The planet is relatively small for a hot Jupiter, having a mass less than half of Jupiter's and a radius 10% smaller. Due to the host star's dimness, it was the second least irradiated hot Jupiter discovered by WASP at the time of discovery, with an equilibrium temperature of 763±16 K (763 K); only WASP-59b was colder at 670±35 K (670 K).

===WASP-132c===
From TESS observations conducted in 2019, a new transit signal was found to occur every 1.01153 d, which was confirmed to be caused by a planet with a radius 1.85 times that of Earth in 2022. Archived radial velocity data from CORALIE and subsequent observations with HARPS indicate that the mass of the planet is approximately 6.26±1.84 M_Earth, corresponding to a bulk density of 5.47±1.96 g.cm-3, consistent with an Earth-like composition.

The existence of this planet implies that the nearby WASP-132b is improbable to have formed via high-eccentricity migration, the way most hot-Jupiters form.

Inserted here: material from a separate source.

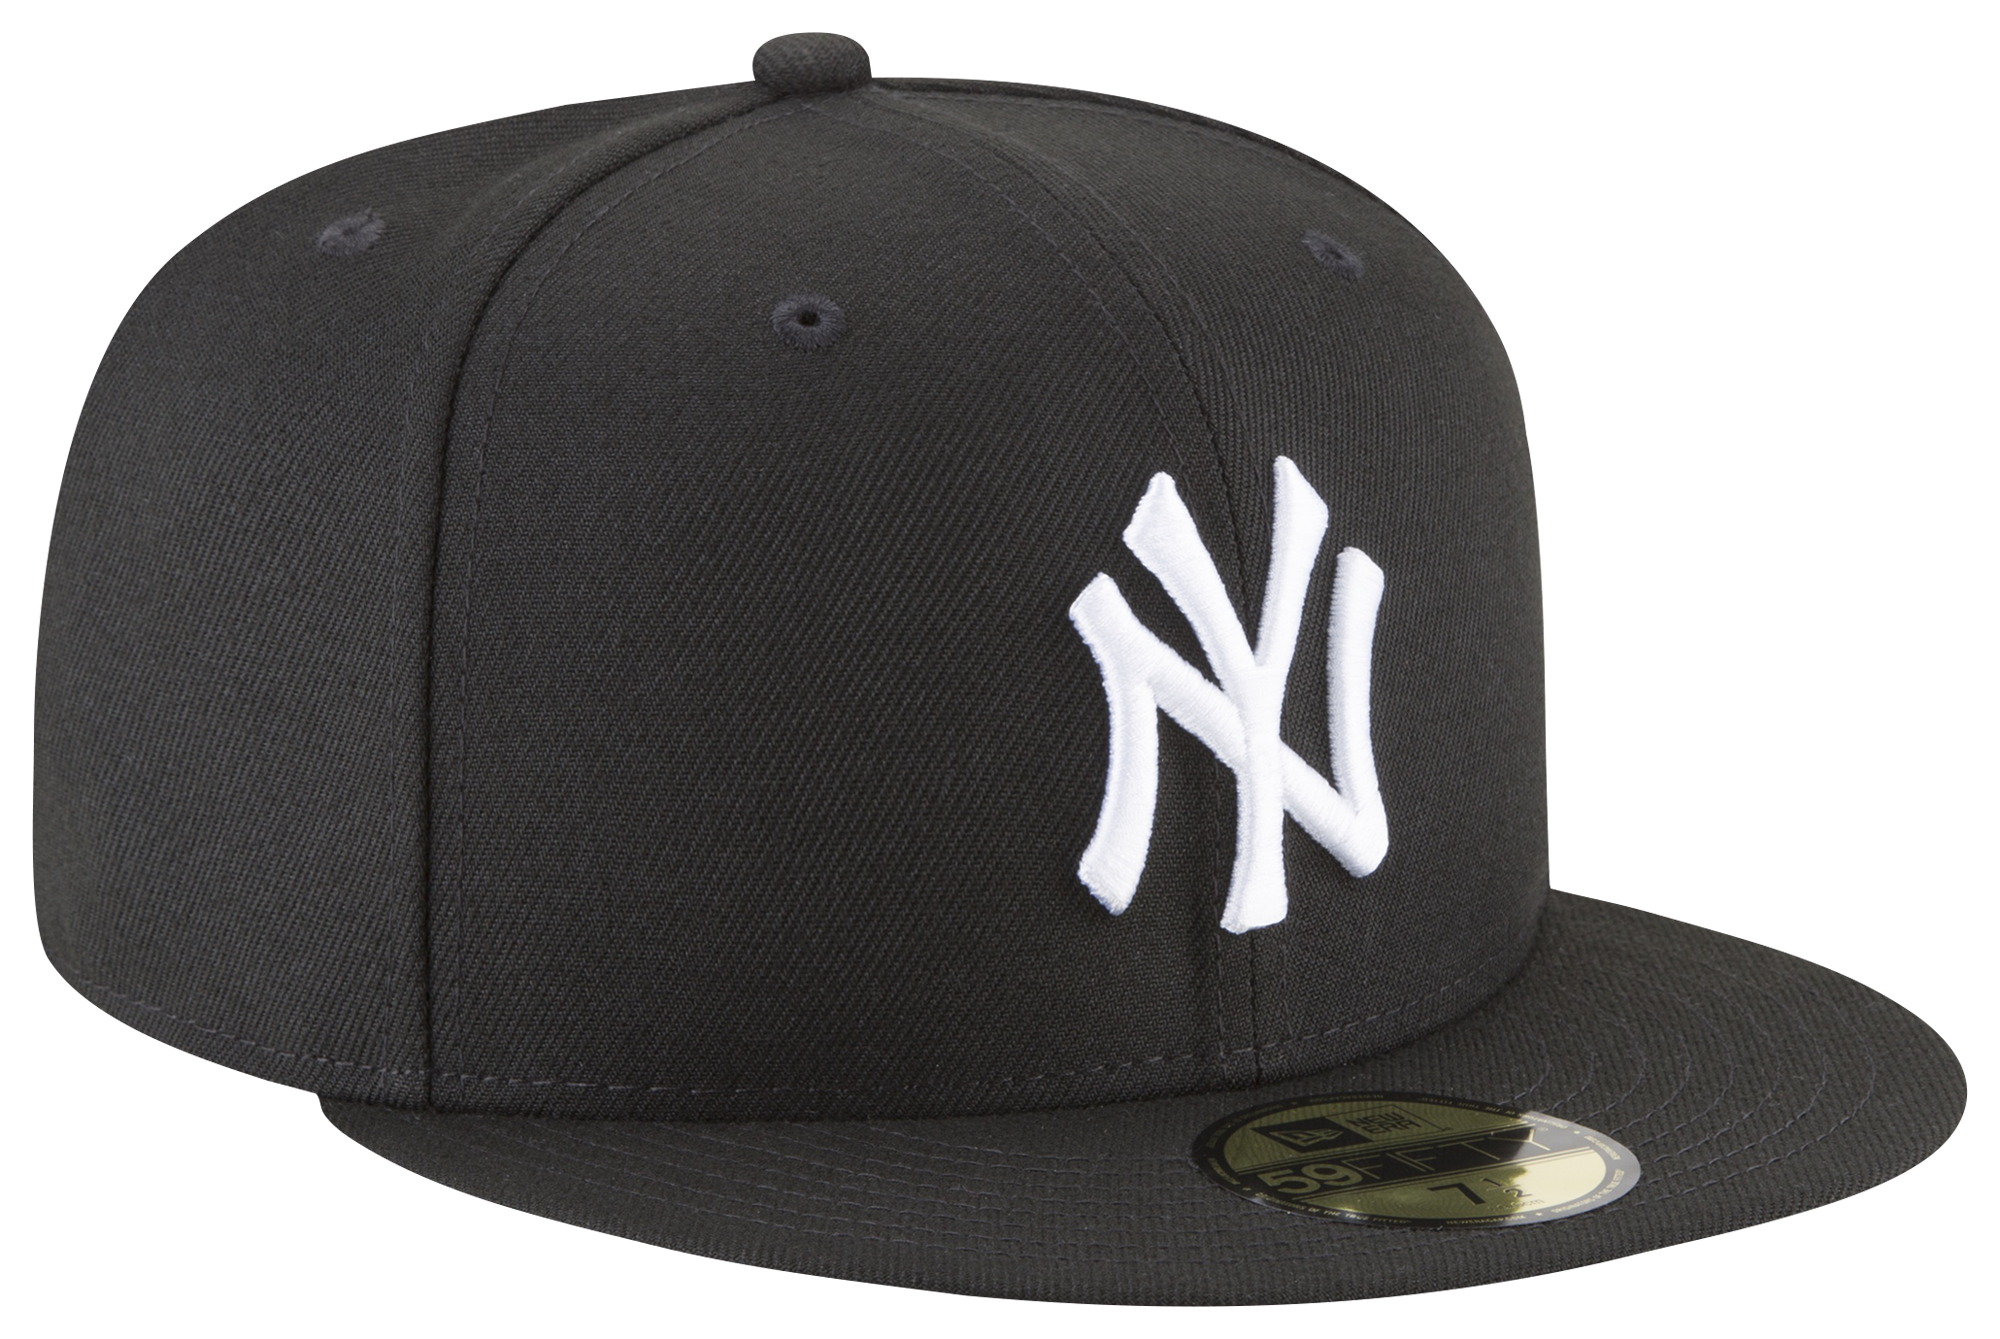 New Era Yankees 59Fifty Cap
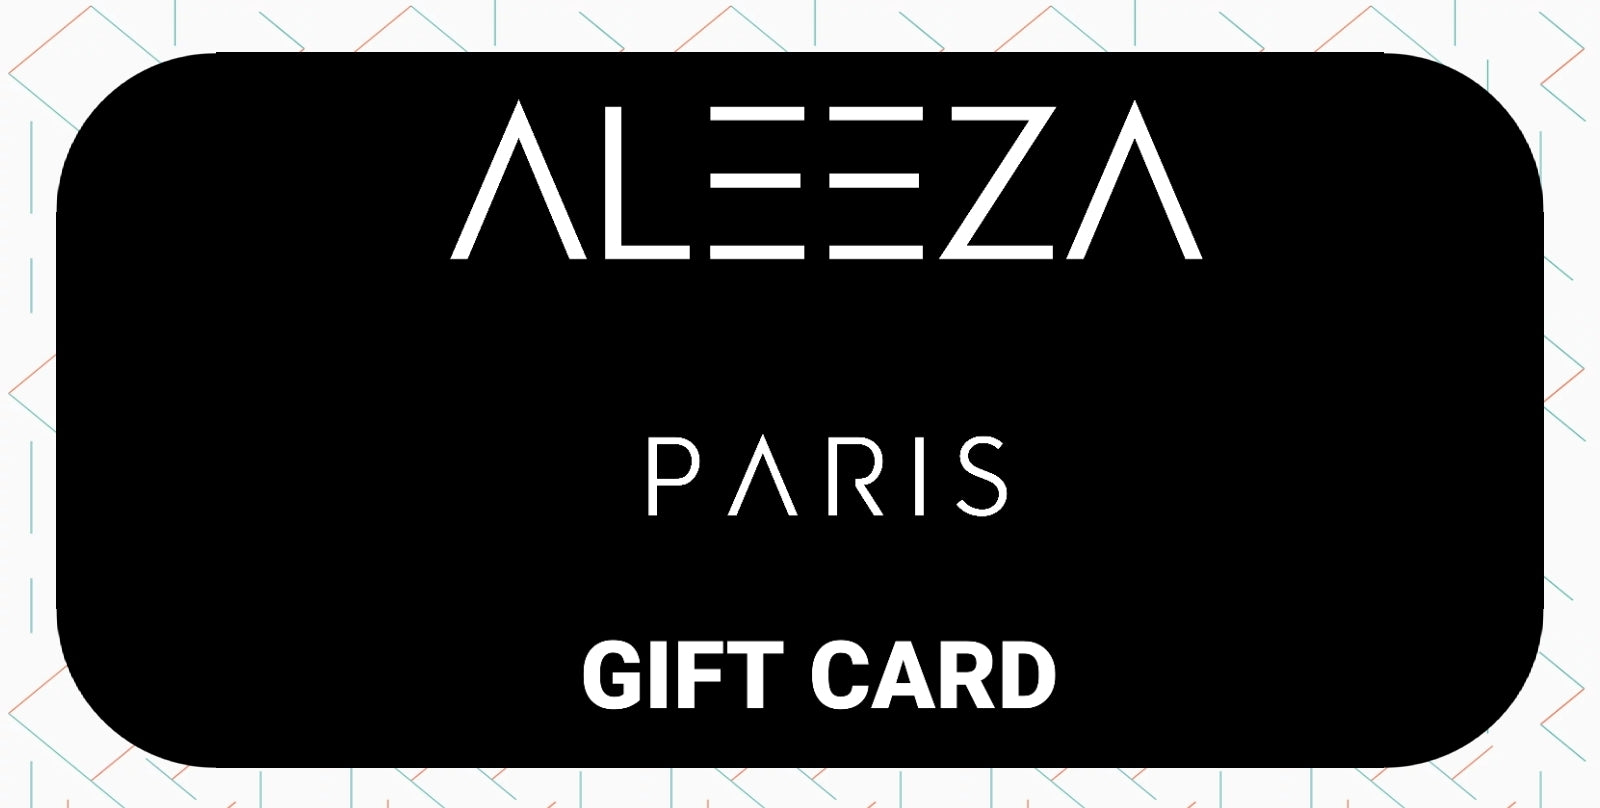 Aleeza Paris Gift Card

This scenario involves a giant planet that formed beyond the ice line falling into an eccentric orbit due to gravitational perturbations, which takes the planet closer to the star. Over time, the orbit circularizes much closer in than the original orbit. This is deemed unlikely to have happened to WASP-132b, since the migration would leave other nearby planets scattered or even ejected from the system as the eccentric Jupiter sweeps the vicinity of its orbit clean with its gravitational influence.

===WASP-132d===
In June 2024, an additional planet was reported to have been discovered in a 1800 d orbit with a semi-major axis of 2.71 AU, much farther out than the previous two planets and roughly where the main belt would be in the Solar System. This planet was discovered via doppler spectroscopy (aka the radial velocity method), through the analysis of CORALIE and HARPS radial velocity data, taking into account the Rossiter-McLaughlin effect caused by the other two planets. This planet has a minimum mass of 5.16 , easily making it a super-Jupiter.

===Possible distant companion===
In WASP-132d's discovery paper, also described is a linear trend in the CORALIE radial velocity curves, hinting at the existence of an object located even farther out. Should it exist, it would have a minimum mass of roughly 18.5 , likely making it a brown dwarf or low-mass star, and orbit WASP-132 with a period of >18 years.